DVD Review: ‘Gatekeepers’

★★★★☆
Dror Moreh’s Oscar-nominated debut is one of the best documentaries to emerge so far this year. Presenting a troubling vision of Israeli counter-terrorism, The Gatekeepers (2013) excels in its political rigour and clear-eyed pessimism. It’s a deceptively simple set up, with the men who headed Israel’s intelligence operations for much of the second half of the twentieth century talking us through decisions they made when they were in office. But what is particularly striking is the extent to which they are willing to reveal themselves, with each one talking as if to purge himself from the burden of history. These are the dialectics of the God Complex; disturbing, candid and illicitly compelling. And Moreh is sharp enough to realise that the occasional moments of weakness in the interviewees provide their own silent gulfs of dissent to the rhetoric.

The interviews are with six former heads of Shin Bet, a secretive counter-terrorism agency set up in 1949 by the government of David Ben-Gurion. Their position in the Israeli establishment provides intriguing psychological context for the men; neither a part of the military nor the government, they operated independently, answering directly to the prime minister.
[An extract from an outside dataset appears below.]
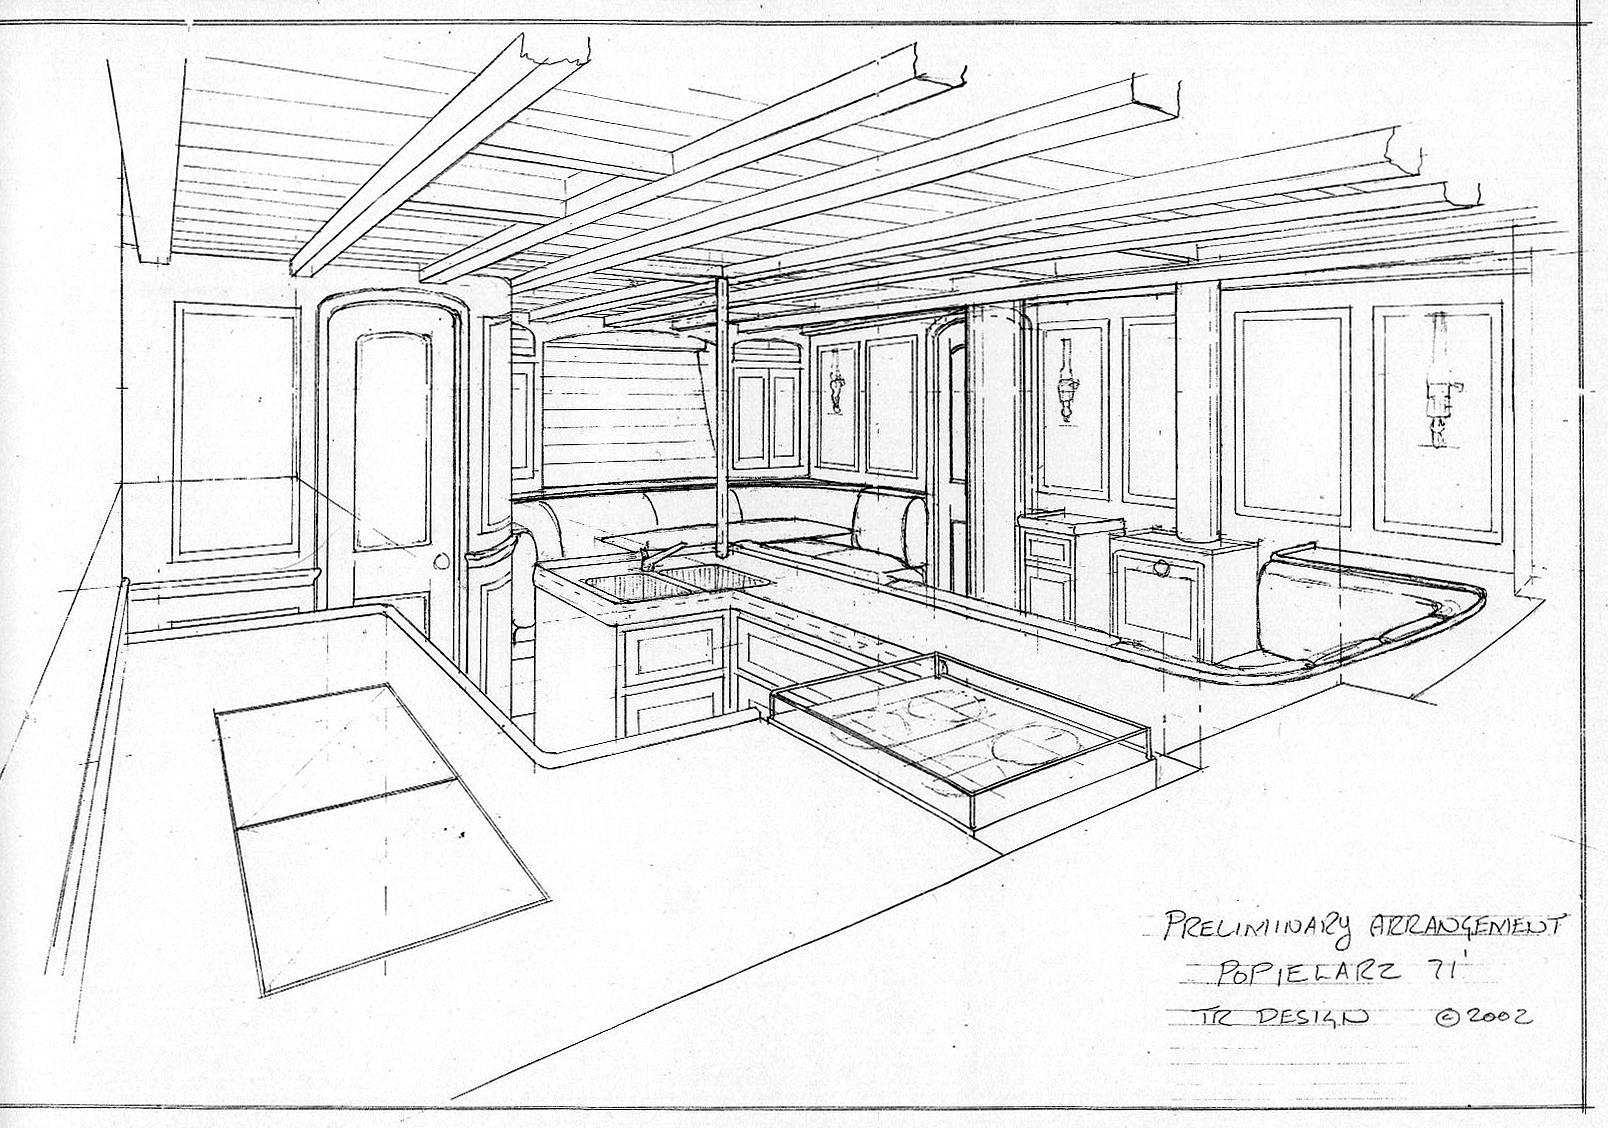 Drawn amd interior design Yacht Net Boat Design Popsaloon
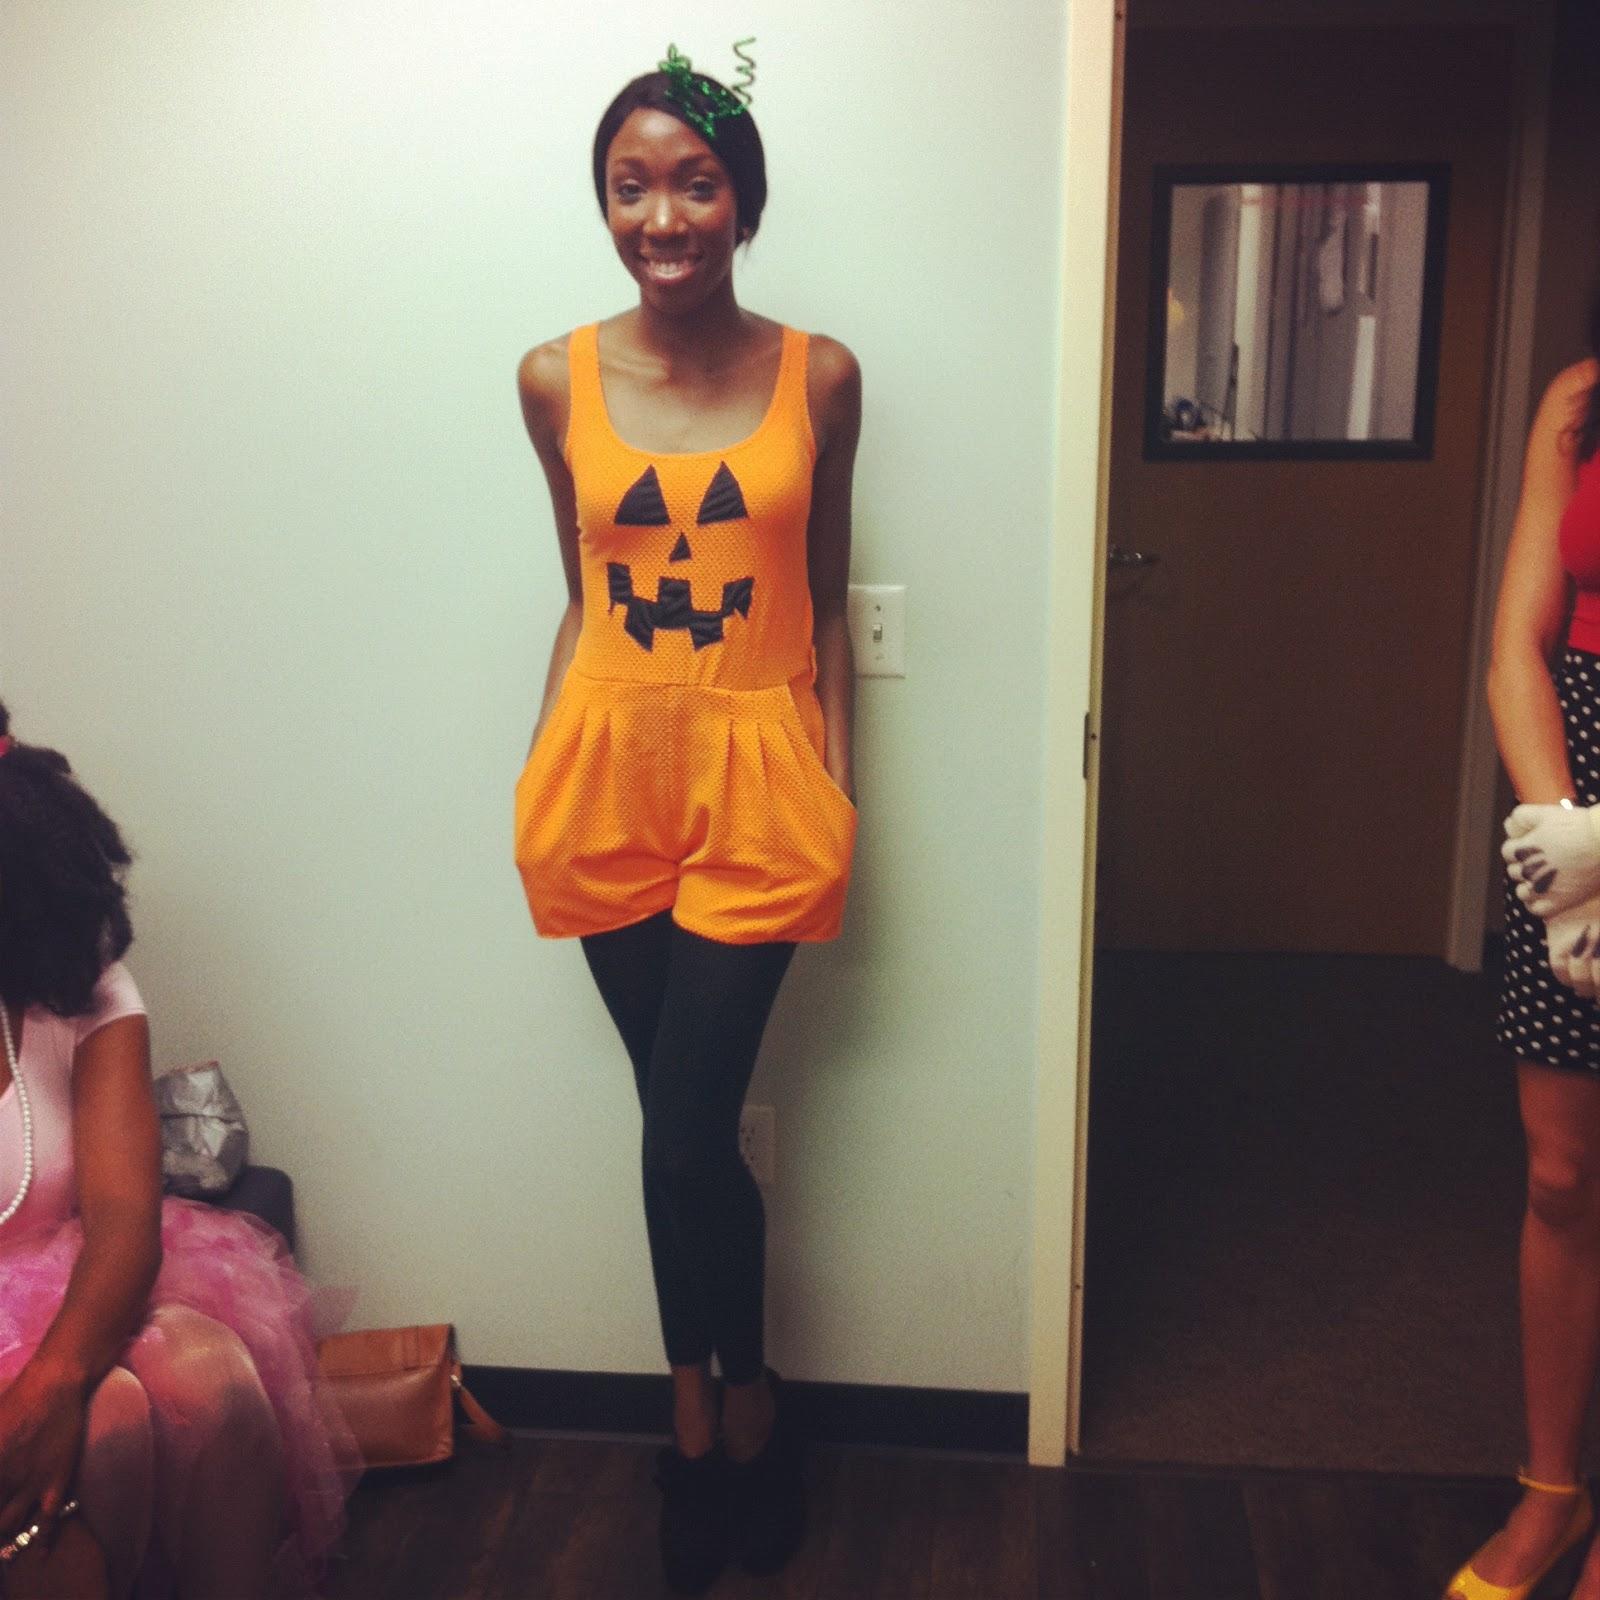 5 diy halloween costume ideas under 5$ | roserags

In this curious position, they worked within polar extremes; able to direct the history of their nation with little oversight, but also susceptible to blame from the political establishment. It’s the element that recurs throughout the interviews that focus on their involvement in the key events of the country’s history from the 1960s all the way through to the present day. The frankness of the interviews is at once surprising and disarming.

Each man appears to be driven by the need to explain the decisions he made while in office. While the personalities and political stances inevitably vary among them, each one has a gift for detail. It’s almost as if intense focus on the minutiae allows for a deflection of the larger moral questions. But, where that is the case, Moreh coaxes and prods, refusing to allow his subjects to colour their testimony. Still, there is a starkly confessional air to the proceedings. The interviews get so mired in the minutiae of decision-making that they often end up as chilling, exacting post-mortems of dubious moral decisions.

What truly resonates in The Gatekeepers is the fact that each man comes to the same despairing conclusion about Israel’s involvement in the occupied territories. Each one offers reasoned, sobering conclusions on where their country is headed. Consciously or not, these appear to be men who carry the moral toll of a country’s hawkish defence policy. They were all happy to be that face at one stage, but it is disturbing that the single issue that brings them together is the futility of continuing that same policy. Moreh’s negative political forecast is deeply worrying; all the more so as it’s based on the judgements of men in a position to make it.